%%

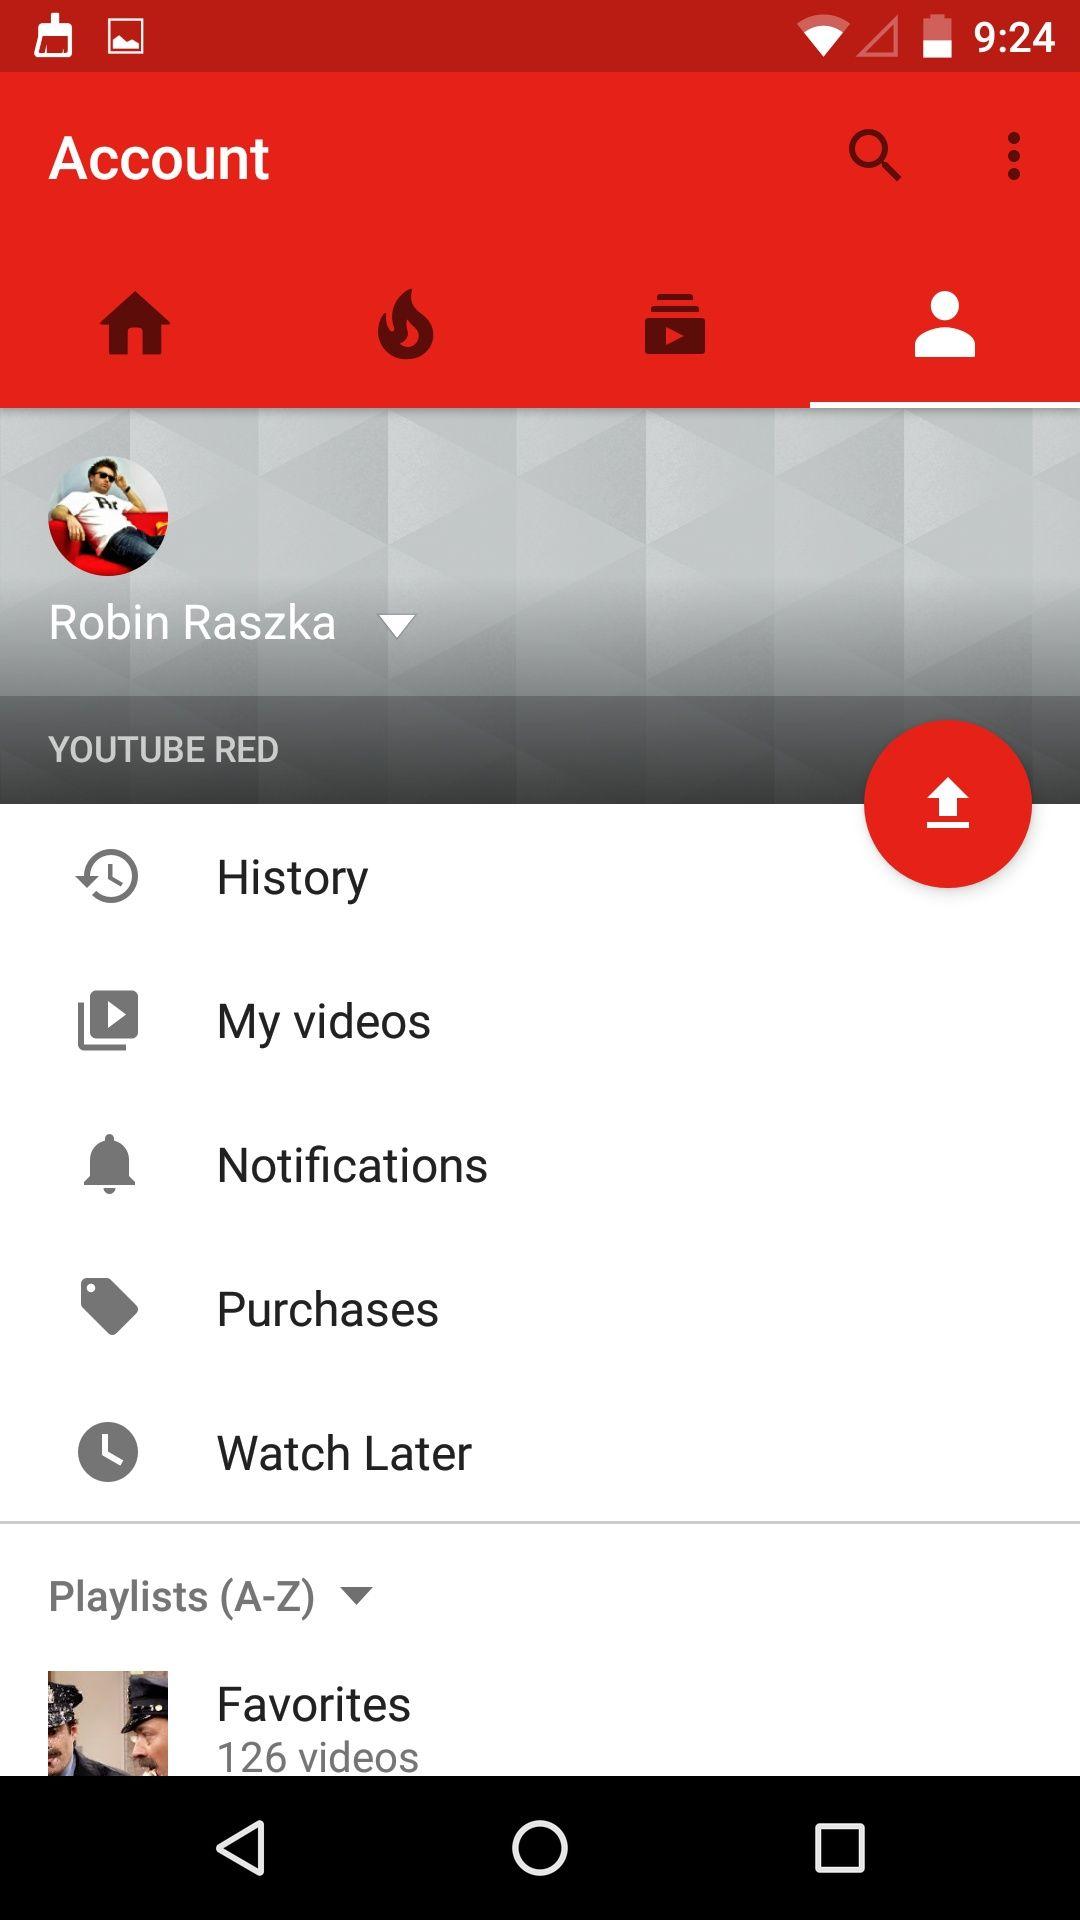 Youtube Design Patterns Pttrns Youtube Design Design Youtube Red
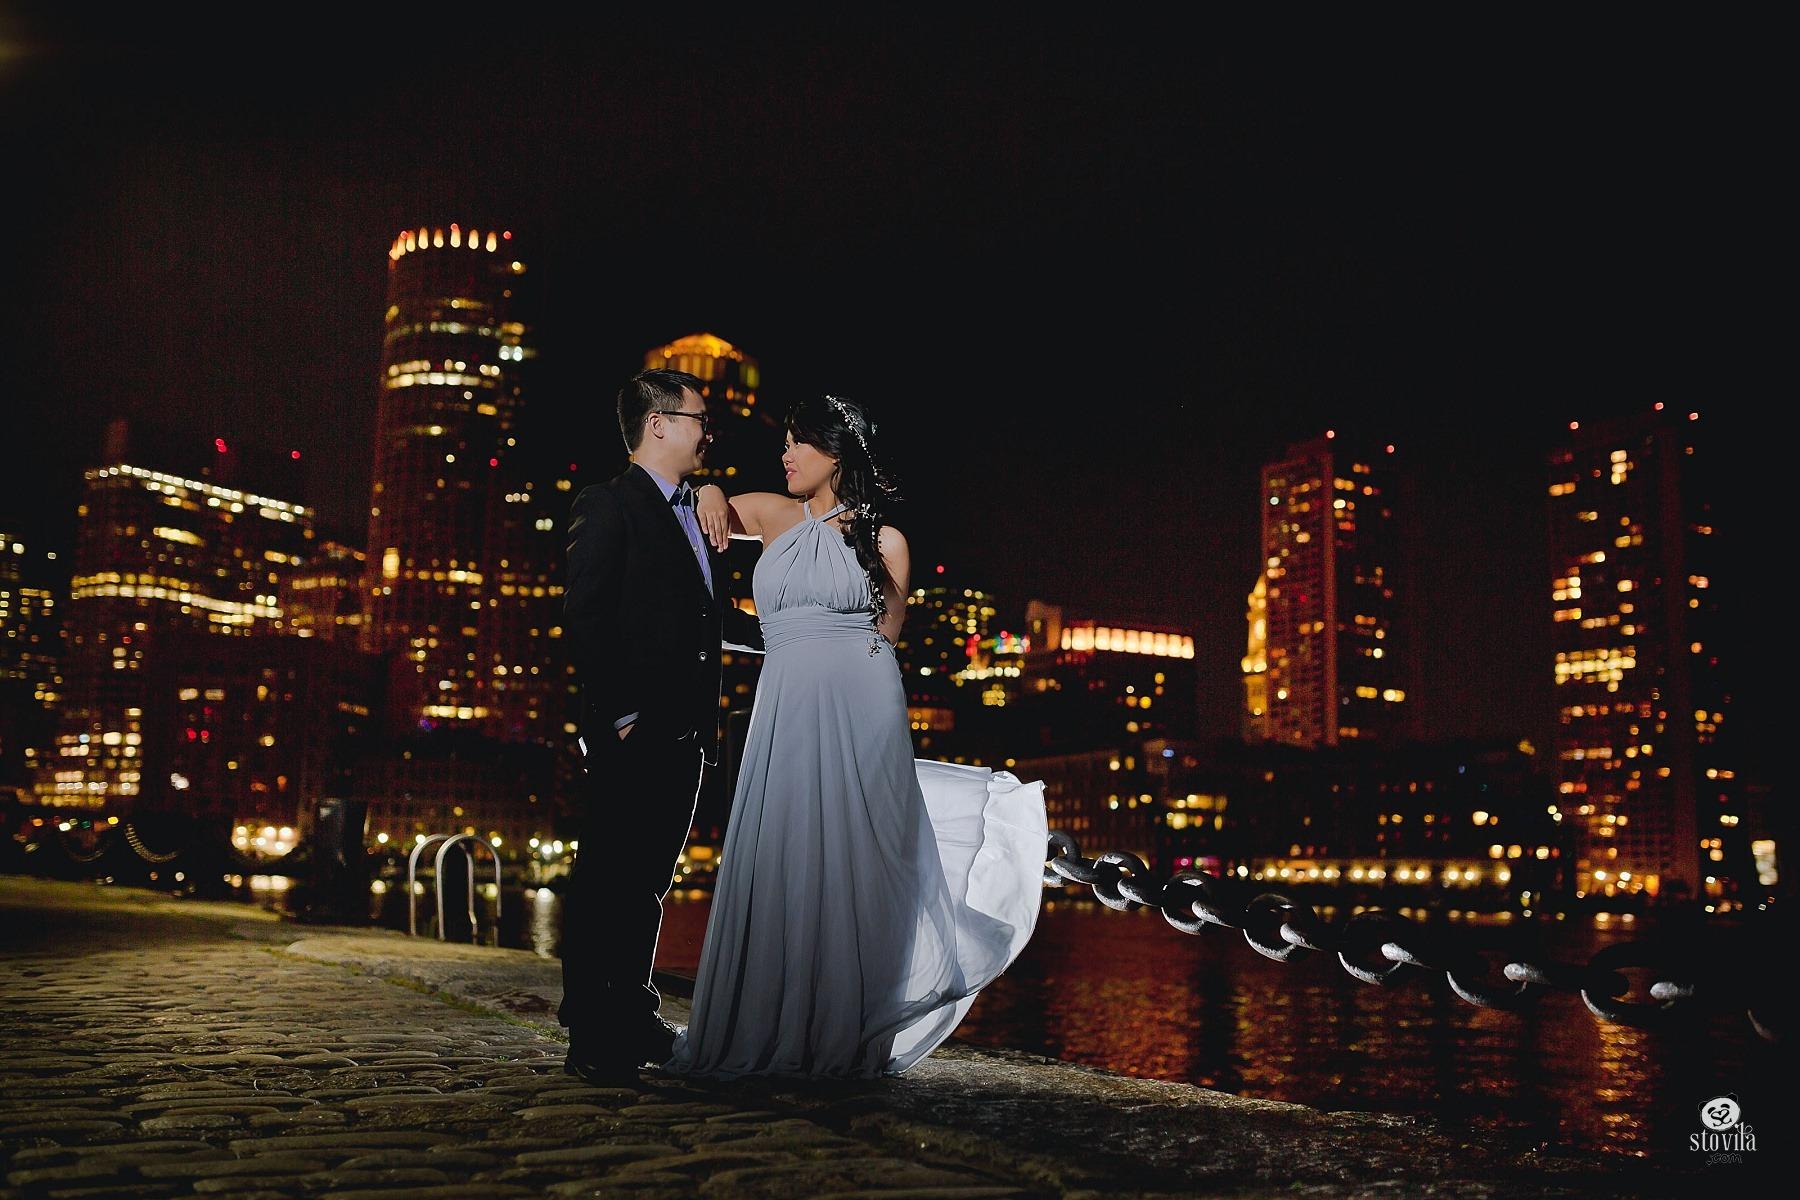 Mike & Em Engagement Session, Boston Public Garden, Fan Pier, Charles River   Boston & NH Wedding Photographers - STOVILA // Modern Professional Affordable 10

%%
%%

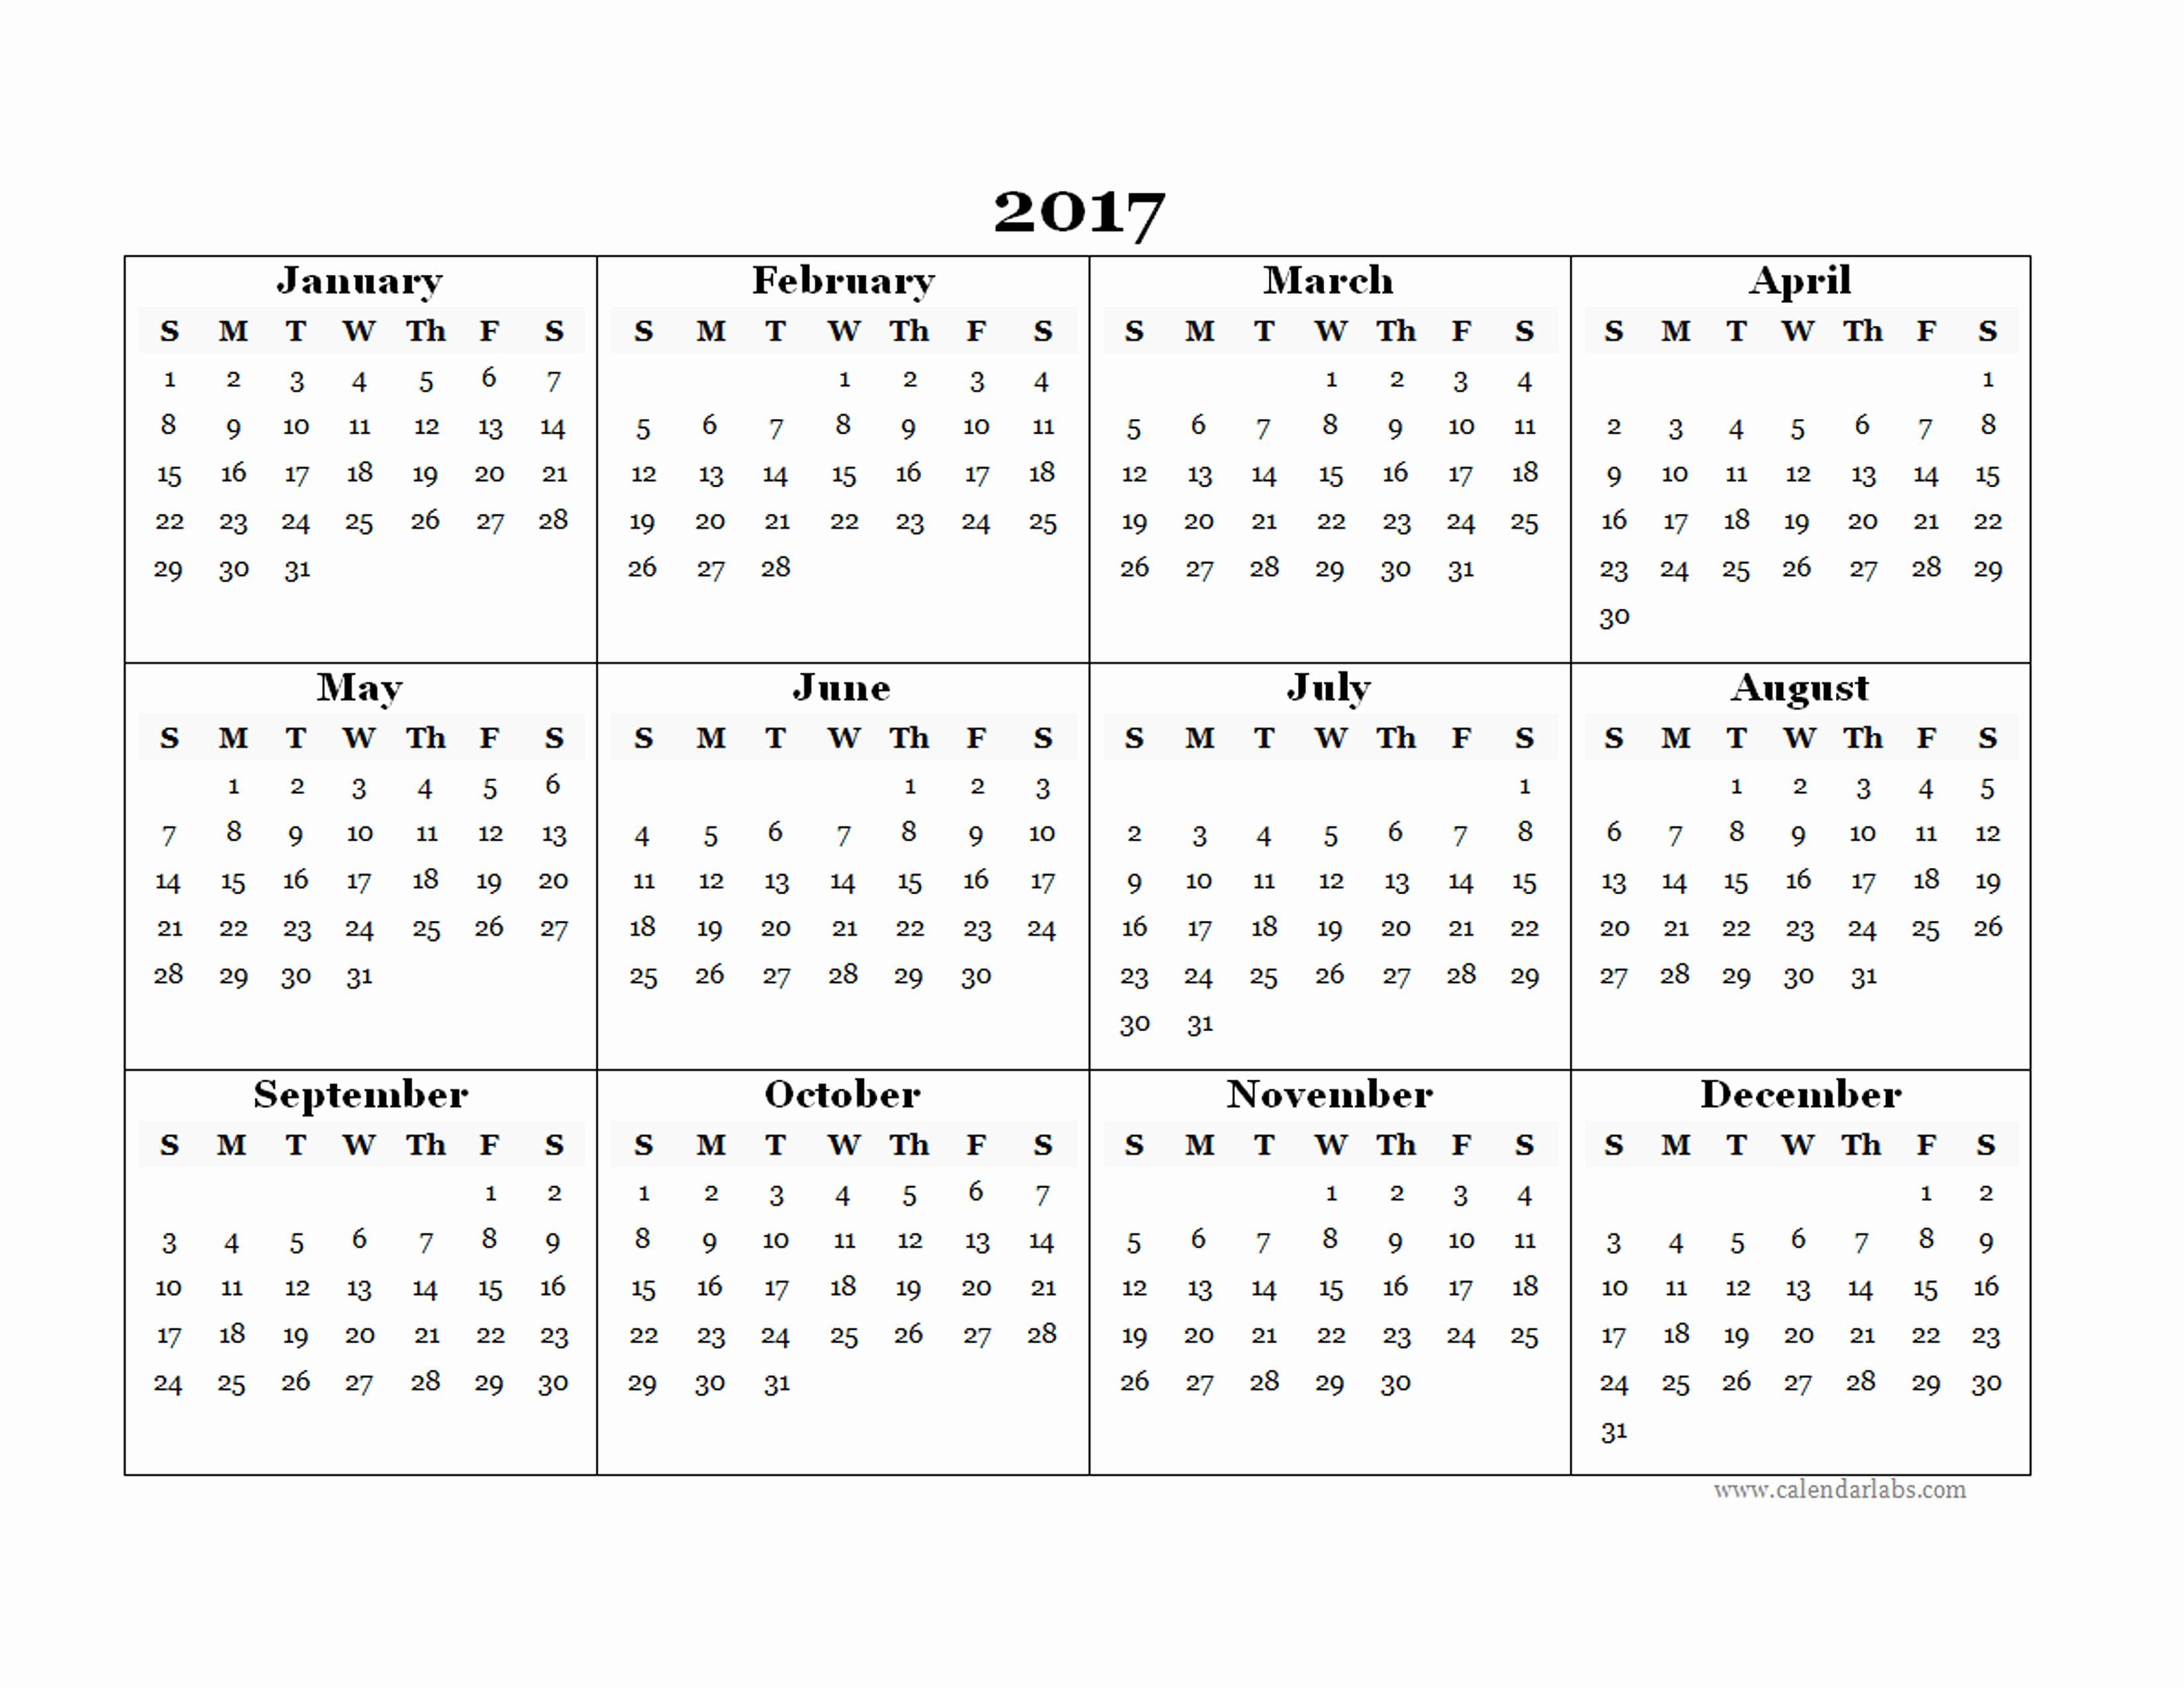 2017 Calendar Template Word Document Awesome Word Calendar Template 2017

%%

ASSIGNMENT
Everything above from the line containing "Youtube Design Patterns" down to the line containing "Mike & Em Engagement" is to be duplicated exactly, both lines included, and the pictures are to be omitted.

SOLUTION FOR THIS PROBLEM
 Youtube Design Patterns Pttrns Youtube Design Design Youtube Red
 Mike & Em Engagement Session, Boston Public Garden, Fan Pier, Charles River   Boston & NH Wedding Photographers - STOVILA // Modern Professional Affordable 10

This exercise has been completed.